Despite mass deforestation through illegal logging and commercial and monoculture development taking place across the continent, Africa hosts a minute presence with just 2.9 per cent of forest cover certified by the FSC. Countries experiencing mass deforestation such as Cameroon and the Republic of Congo, chiefly through supplying timber to China and France, have certified just 2.7 per cent and 3.3 per cent of land. South Africa, with 17.8 per cent (1,567,811 ha) of forest certified, accounts for one-fifth of the continent’s overall FSC certification.

Within South Africa 80 per cent (2005) of FSC-certified forests constitute industrial timber plantations (ITPs) initially developed by the apartheid regime as a means of independently sourcing wood products.[35] The initiative began with state-led plantations between 1920 and1960. The government established a tax incentive system, such as the general export incentive scheme, later voided by the ANC liberation government in 1994.[36] During that time expansion accounted for 45,000 ha annually (1990s), five times that of indigenous forests. By 1996, the Natal Agricultural Union reported an 82 per cent reduction in stream flow over a 20 year period in areas where grasslands were ‘developed’ by commercial plantations.

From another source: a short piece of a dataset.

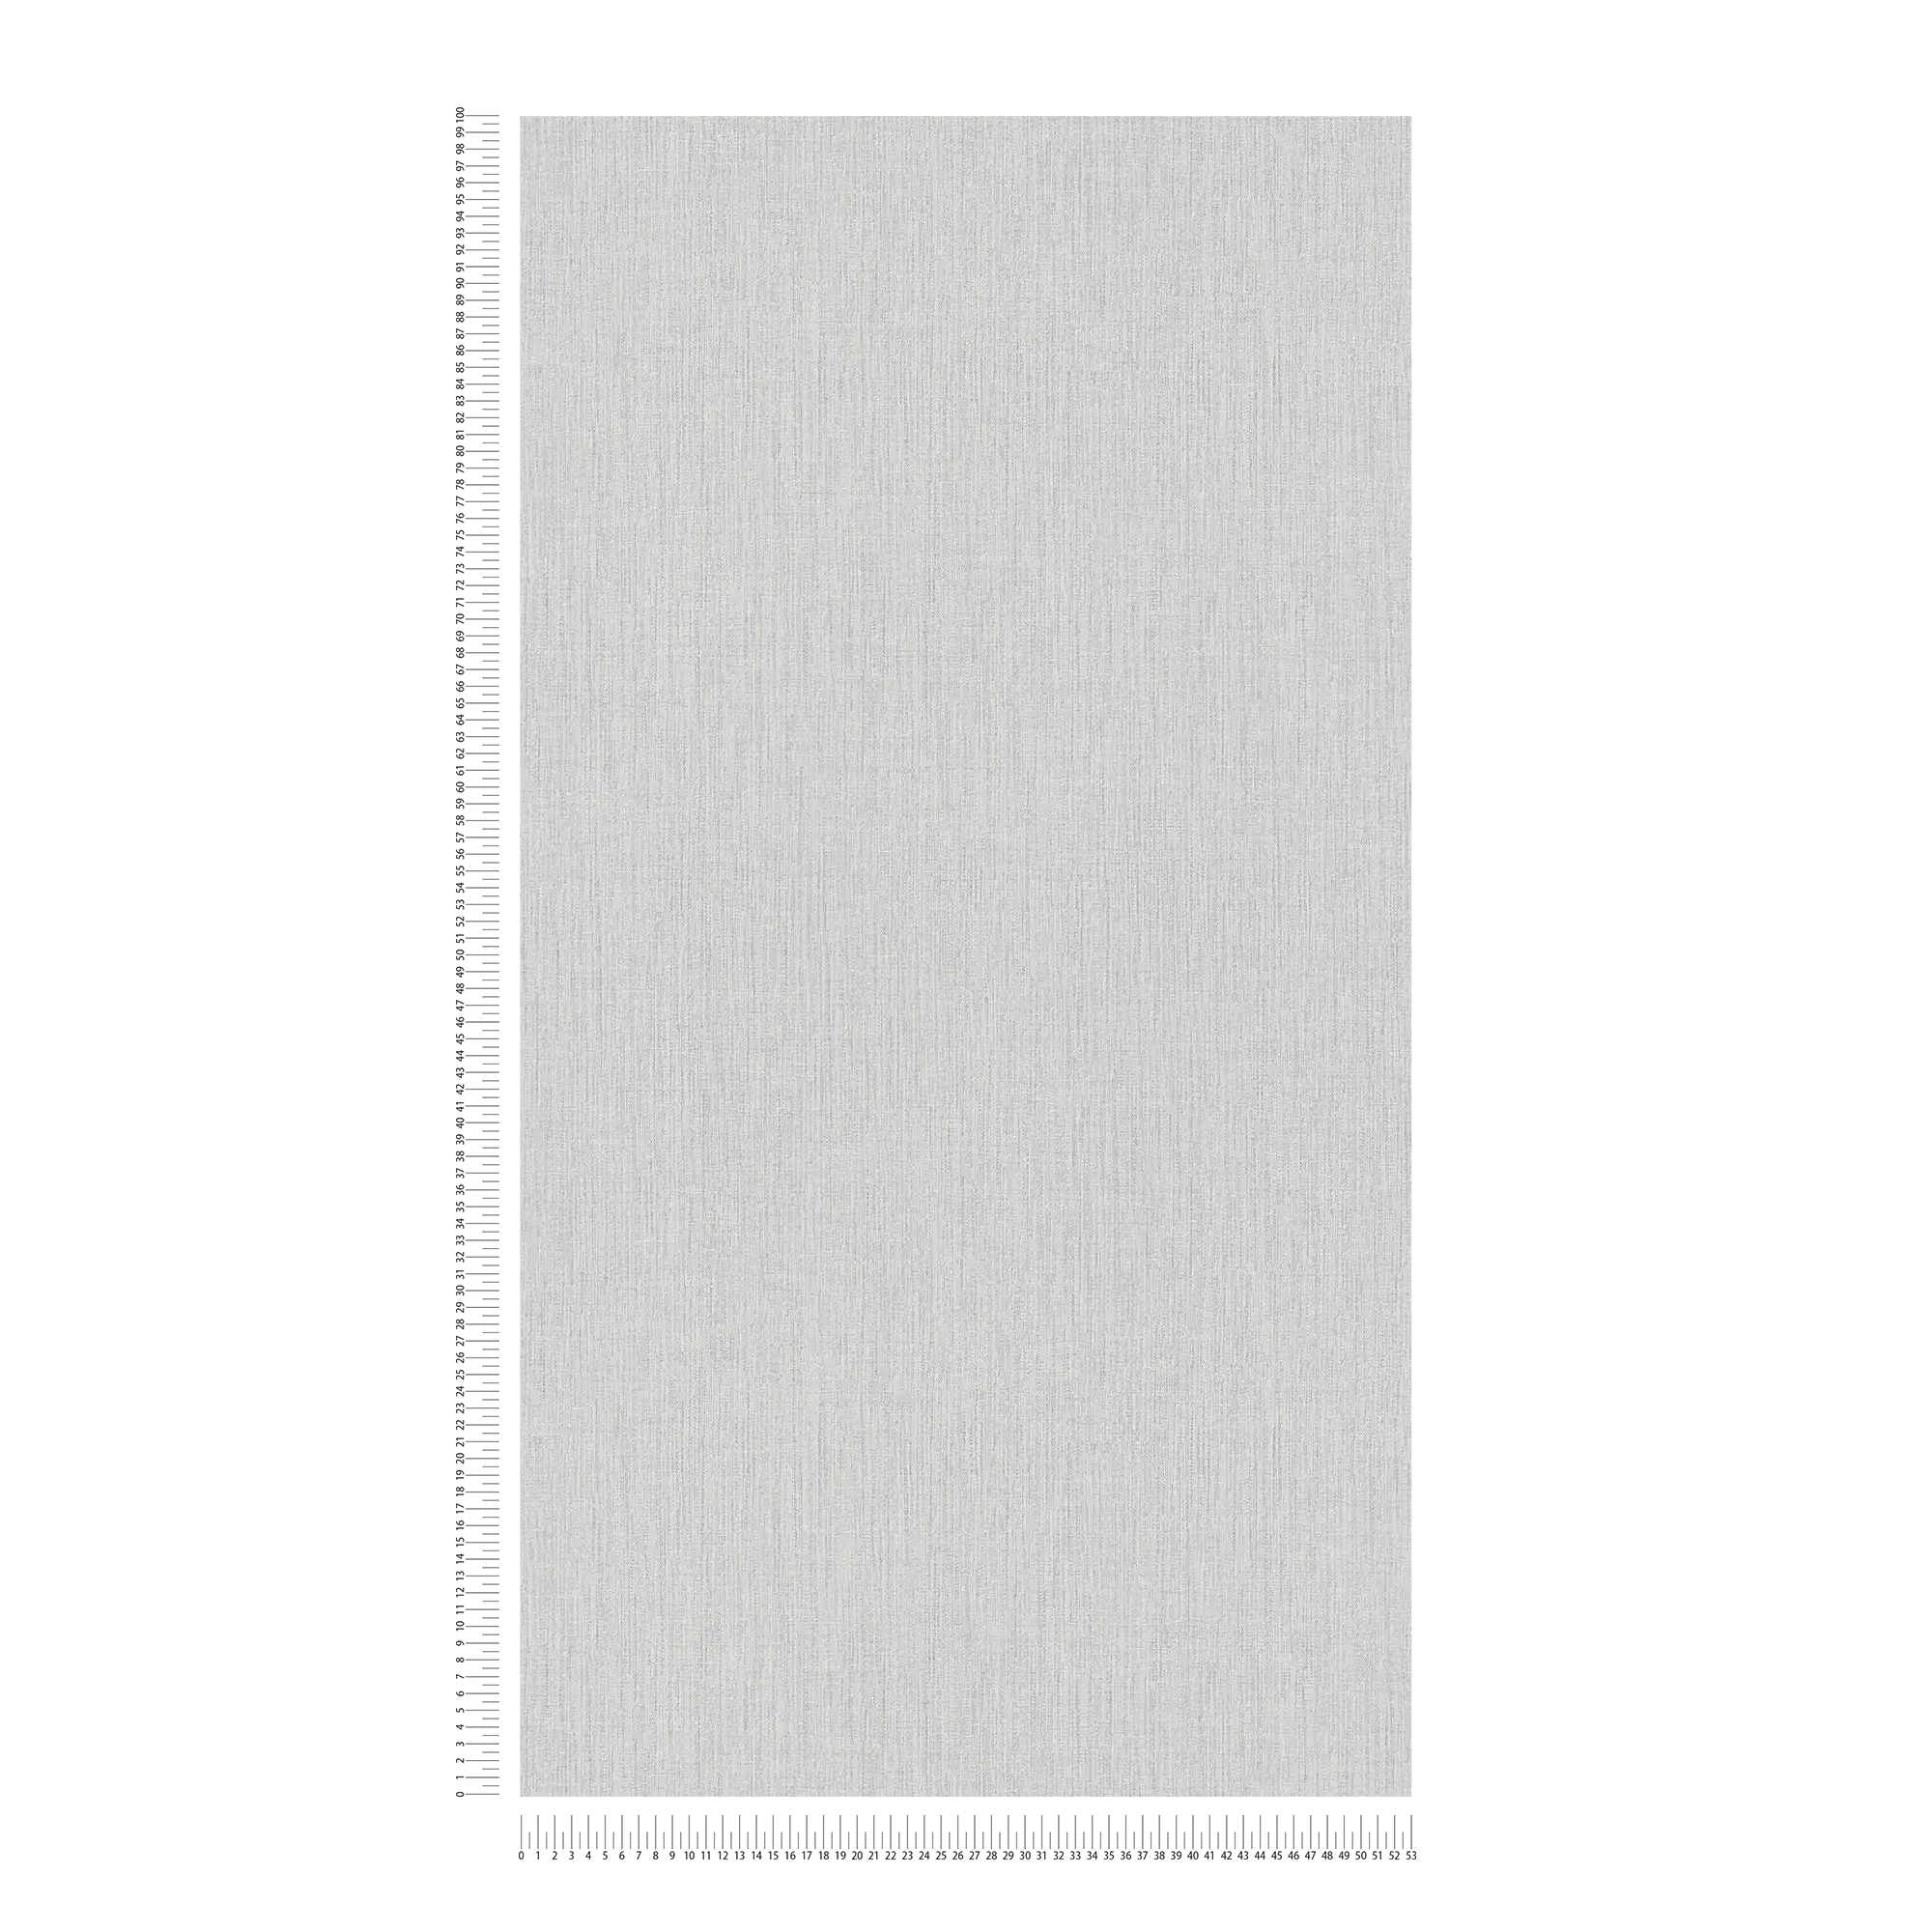             Carta da parati in tessuto non tessuto effetto lino con motivi tono su tono - rosa, grigio, bianco

The ANC government further emphasised the importance of plantations to growth, gender income and employment. ‘Forestry makes a significant contribution to the economy,’ revealed Lindiwe Hendricks when Minister of Water Affairs and Forestry. ‘In 2006 this contribution amounted to approximately R14 billion and 170,000 people were employed in the sector, which includes about 30,000 small scale growers, most of whom are women. With forestry being a rural activity, this sector has enormous potential to contribute to the economy and to job creation.’ The two giants dominating the industry are Mondi and SAPPI. Mondi, formed by Anglo-American in 1967, manages over 450,000 ha with 35,000 employees in more than 30 countries. SAPPI, a global paper and pulp company incorporated in 1936, holds 465,000 ha in SA, with a further 75,000 ha in Swaziland (2007). By 2007, the company manufactured five million tonnes of paper and three million tons of pulp.

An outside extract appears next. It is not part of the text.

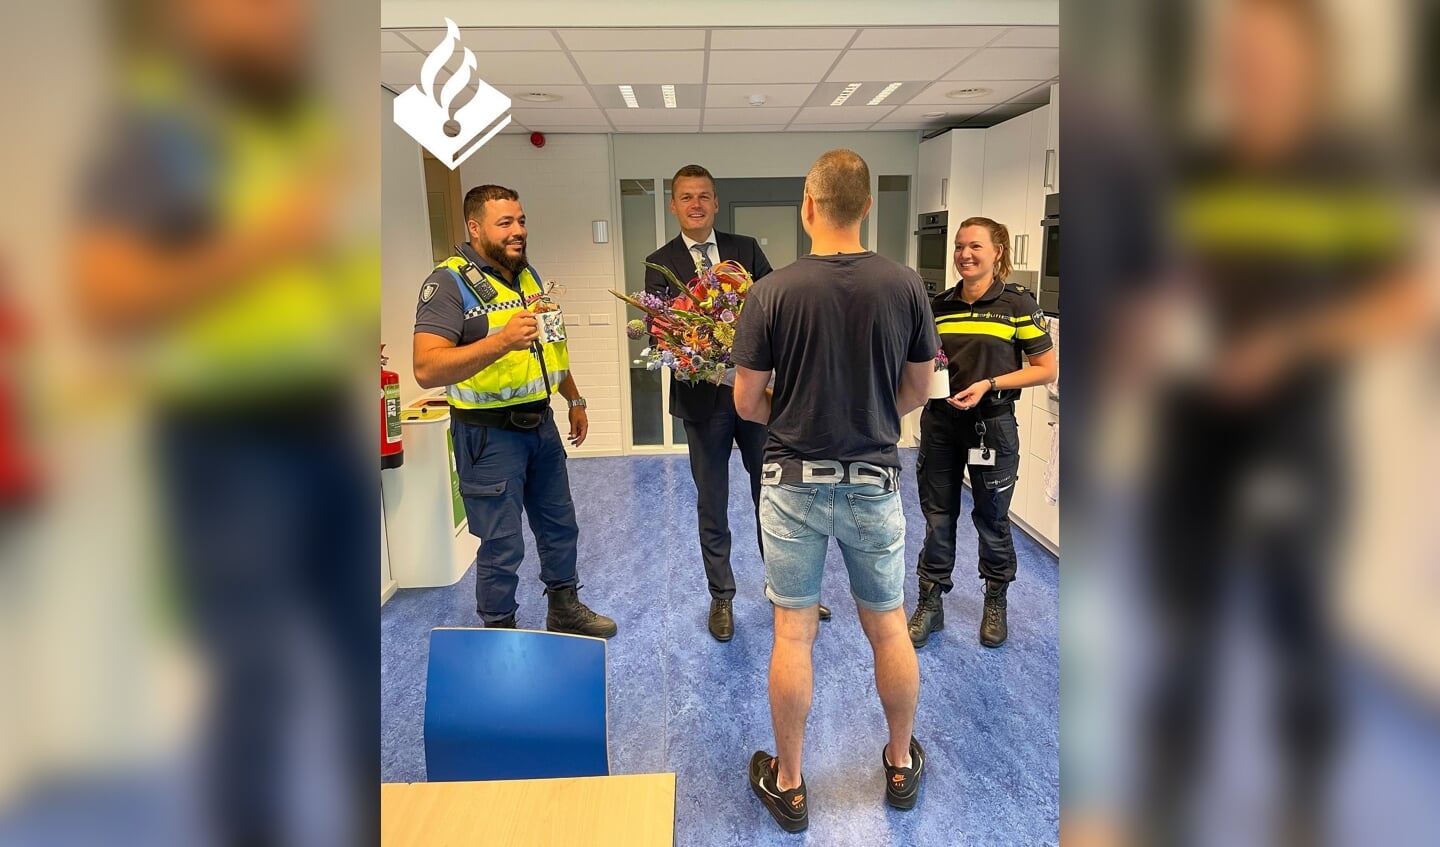 De teamchef van de lokale politie heeft samen met burgemeester Nieuwenhuis de inwoner bedankt voor zijn hulp. (foto: politie)

Water intensive plantations, covering 1.2 per cent of land, far outweigh natural forest cover (0.3 per cent). Mpumulanga holds 42 per cent of plantations, followed by Kwa-Zulu Natal, which accounts for 38 per cent, and the Eastern Cape, which accounts for 11 per cent.          Damages are not limited to communities living in close proximity to the plantationsIn 2010, Mondi was named one of the top three polluters in south Durban, thanks to the company’s paper mill.  “This is not normal air,’ said Zodumo Mbuli, a spokeswoman for the Ministry of Environmental Affairs in 2003.[37] Meanwhile, in 2010, SAPPI came under fire in Durban for polluting a critical conduit between sea and land, the Thukela River, with highly toxic chemicals.

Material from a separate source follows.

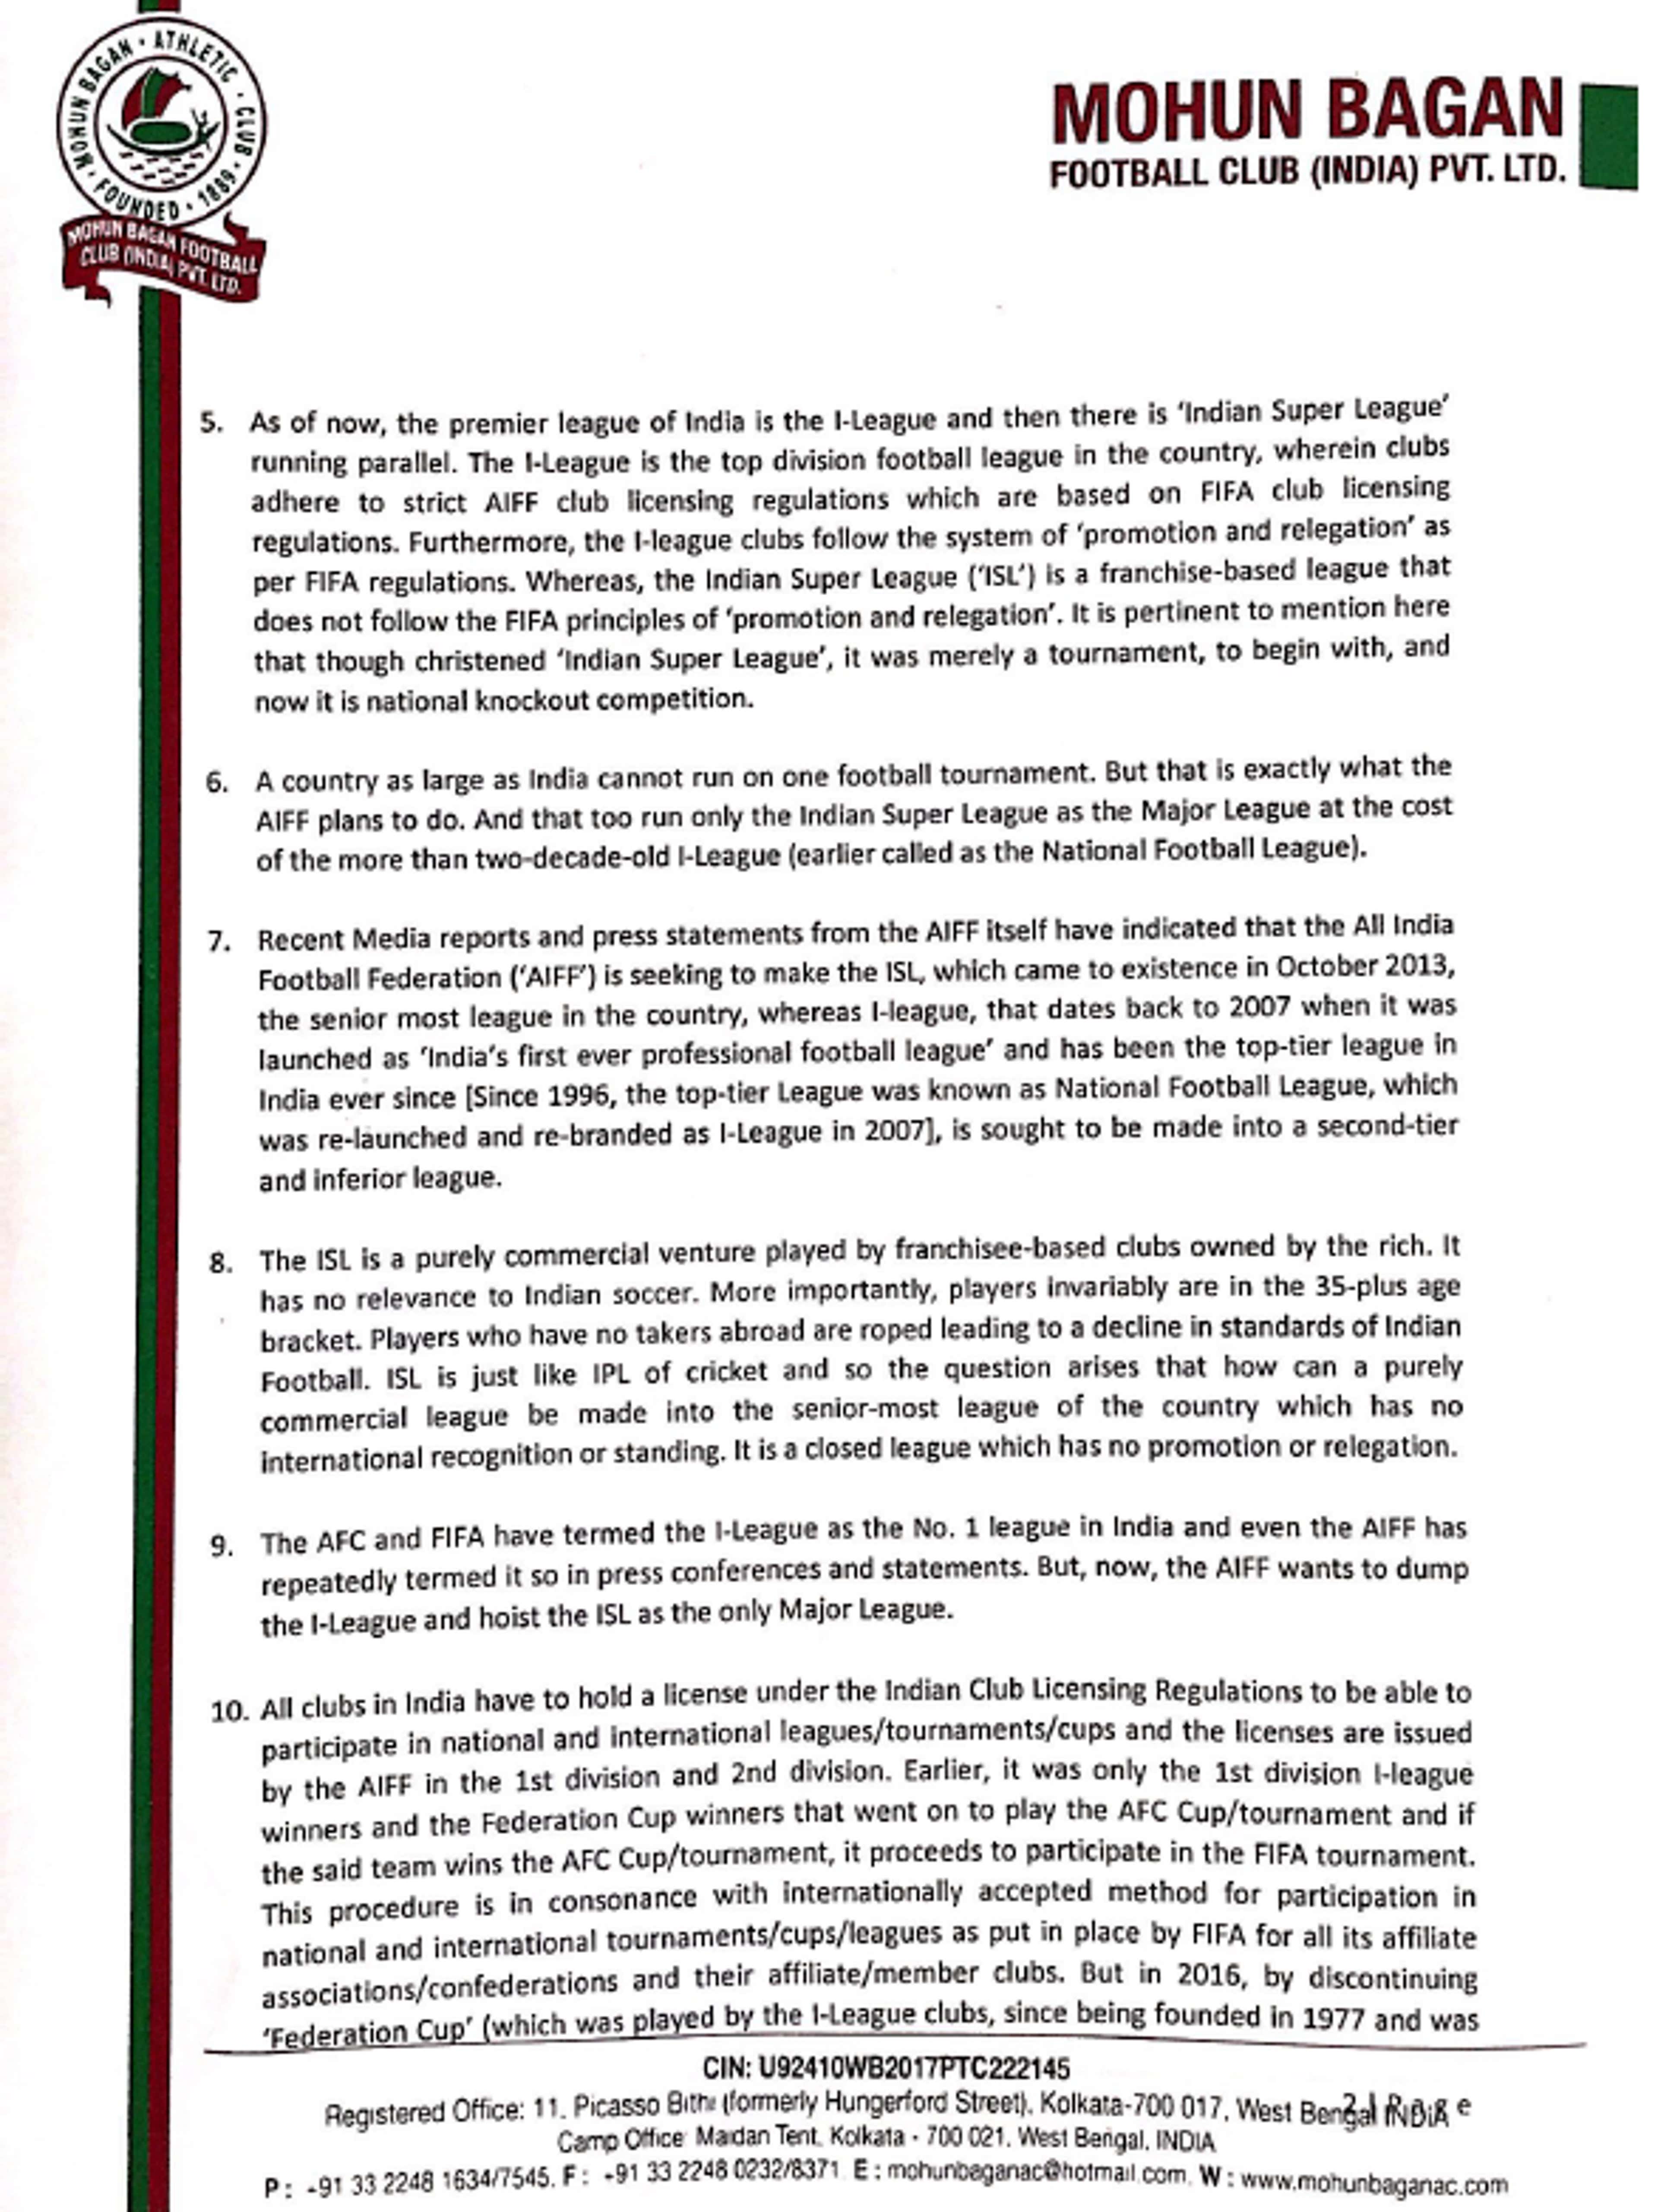 Page 2 - Mohun Bagan letter to PM Modi

According to Timberwatch, a South African civil society organisation, ‘The first FSC ‘forest’ certification in South Africa was awarded in 1997. According to the timber industry, SA now has a far higher percentage (80 per cent) of its plantation area certified than most countries, but this is misleading. If the areas under illegal plantations and unmanaged feral trees were taken into account, it would be under 40 per cent.’[38] The consequences, claims the organisation’s report ‘Life As Commerce’, have been to grant respectability to historical and current destructive aspects of the timber industry, including:  Community displacement, land dispossession, social disruption, destruction of biodiversity resources and the natural landscape, impacts on water resources, drying out of wetlands and aquifers, pollution of rivers, streams and wetlands with pesticides, oils and fertilizers, the contamination and compaction of soil within plantation areas, and accelerated soil loss on site and increased downstream erosion. The report cites the example of Hans Merensky Holdings (HMH) in two provinces – Kwa-Zulu Natal (Singisi Forest Products) and Limpopo (Northern Timbers). Both are certified by SGS Qualifor (2003 and 2000).                               Nonetheless, FSC certification – and auditors like SGS – are blind to these externalised realities.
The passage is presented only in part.